Source data:
Start of Block

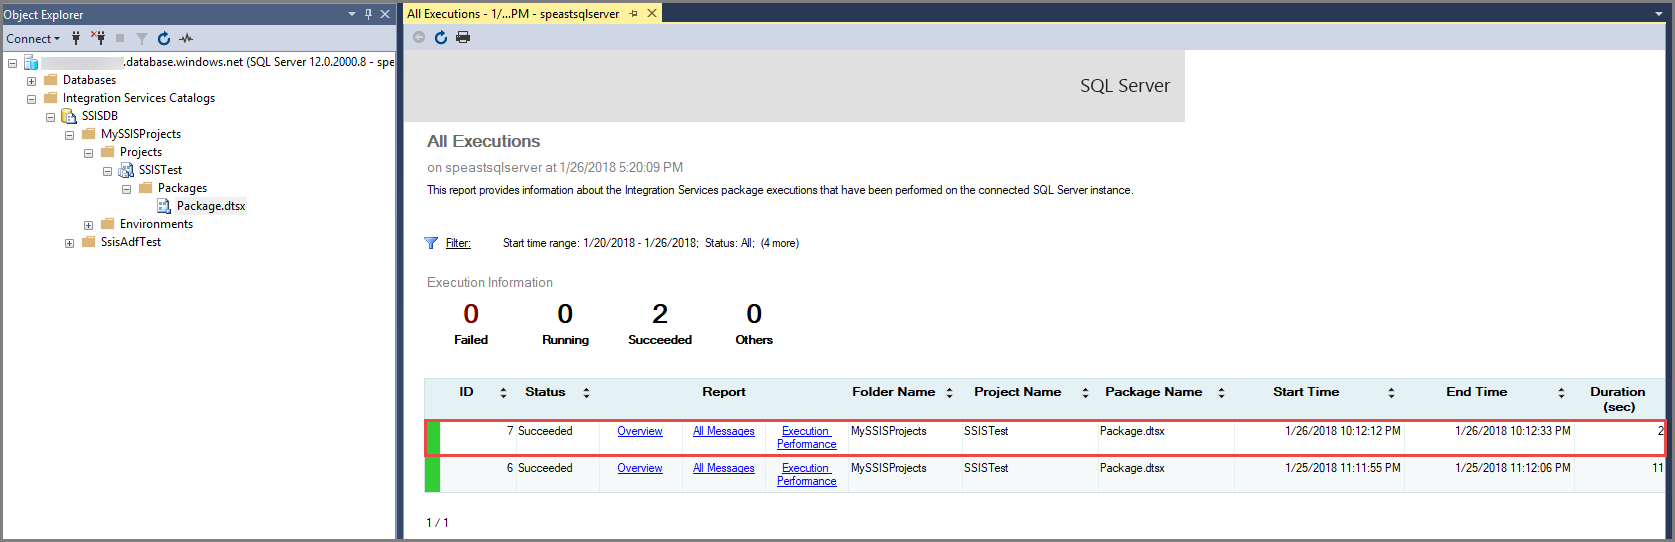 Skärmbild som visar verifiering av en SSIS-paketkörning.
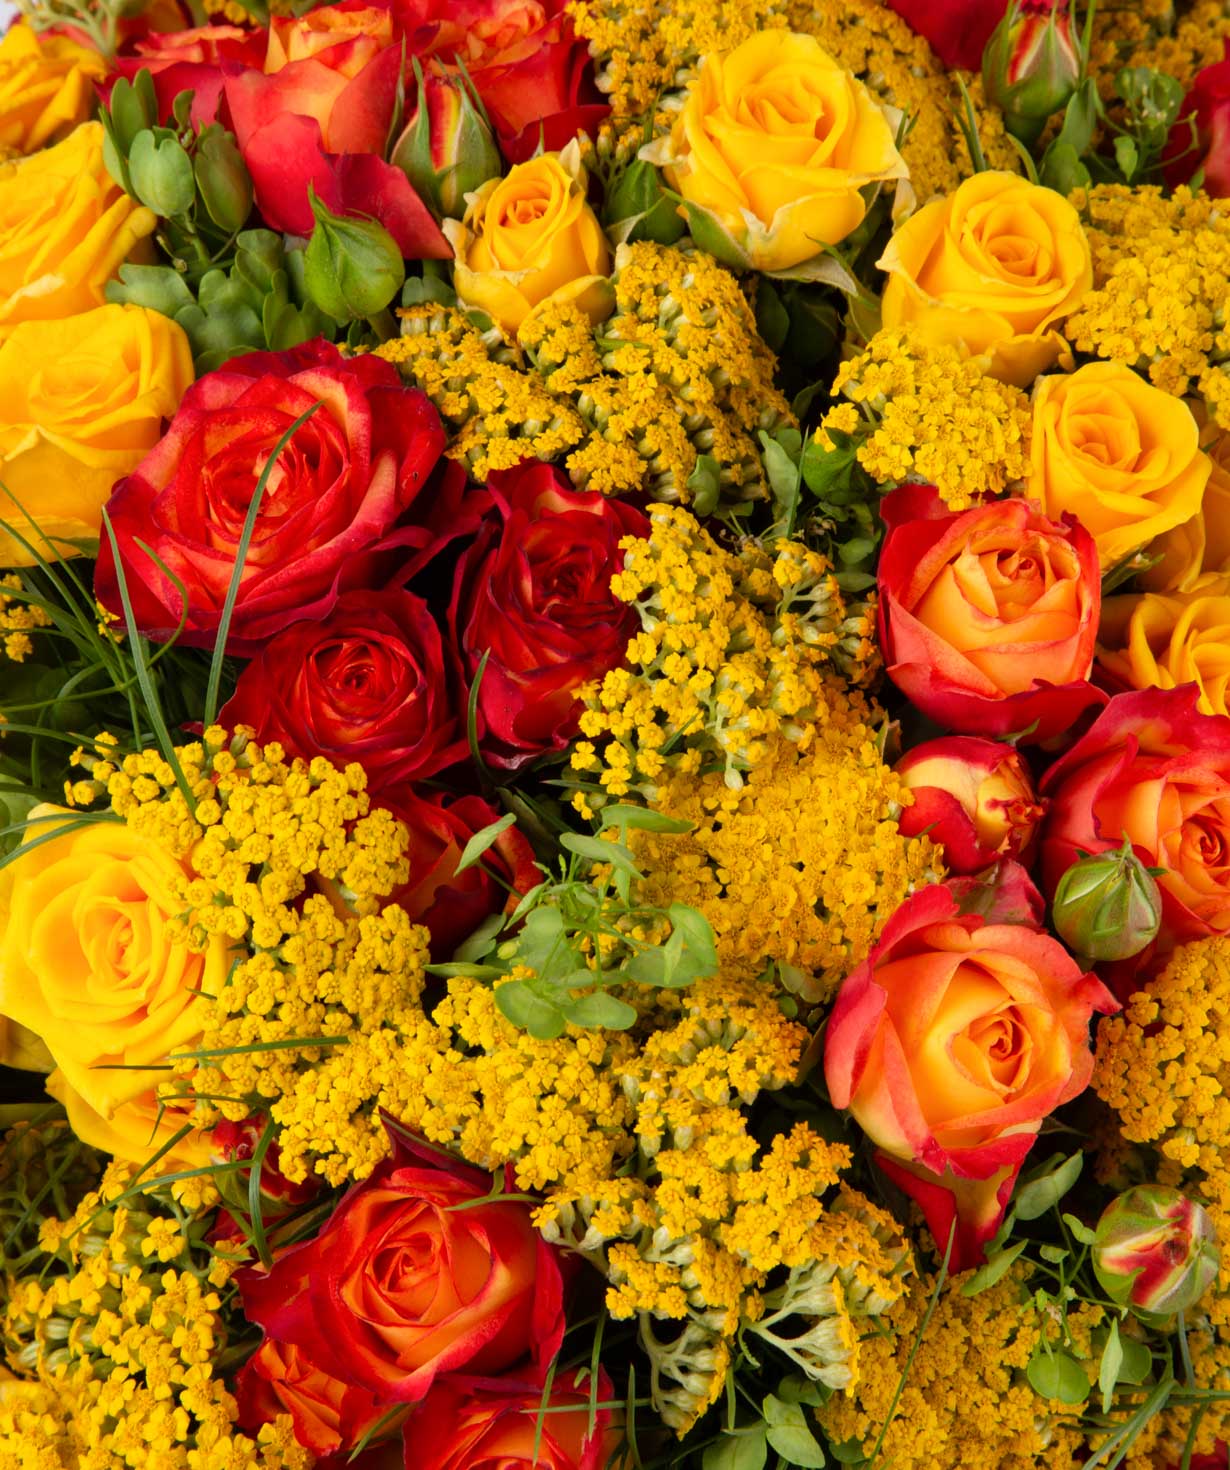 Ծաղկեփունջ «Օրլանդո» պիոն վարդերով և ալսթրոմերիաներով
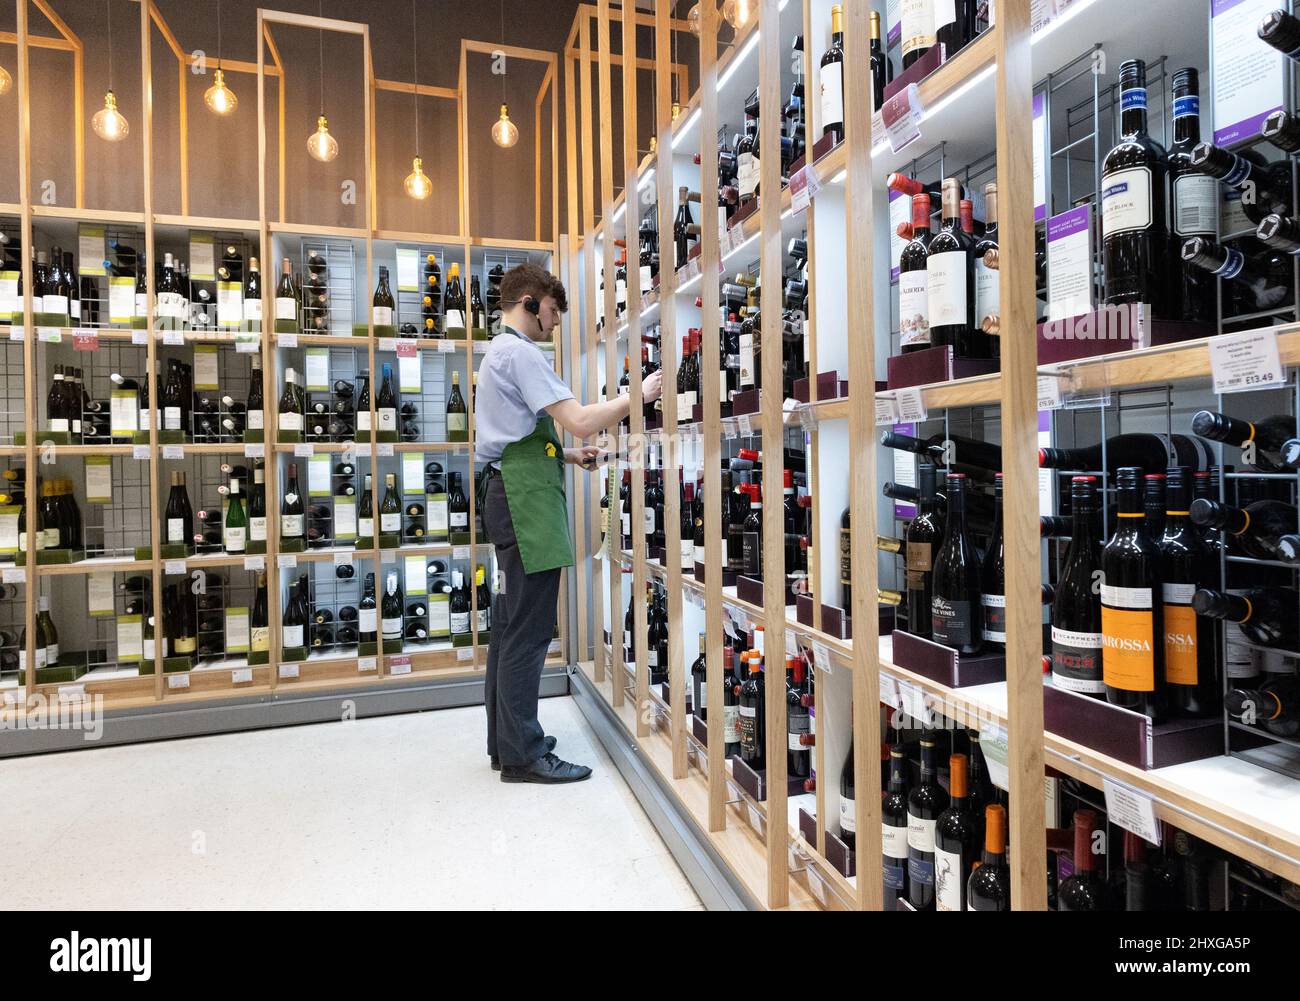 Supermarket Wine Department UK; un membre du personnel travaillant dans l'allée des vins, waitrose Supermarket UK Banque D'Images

End of Block

Work to be completed: From the first line to the last, copy the listing above exactly, dropping all images.

Answer for this exercise:
 Skärmbild som visar verifiering av en SSIS-paketkörning.
 Ծաղկեփունջ «Օրլանդո» պիոն վարդերով և ալսթրոմերիաներով
 Supermarket Wine Department UK; un membre du personnel travaillant dans l'allée des vins, waitrose Supermarket UK Banque D'Images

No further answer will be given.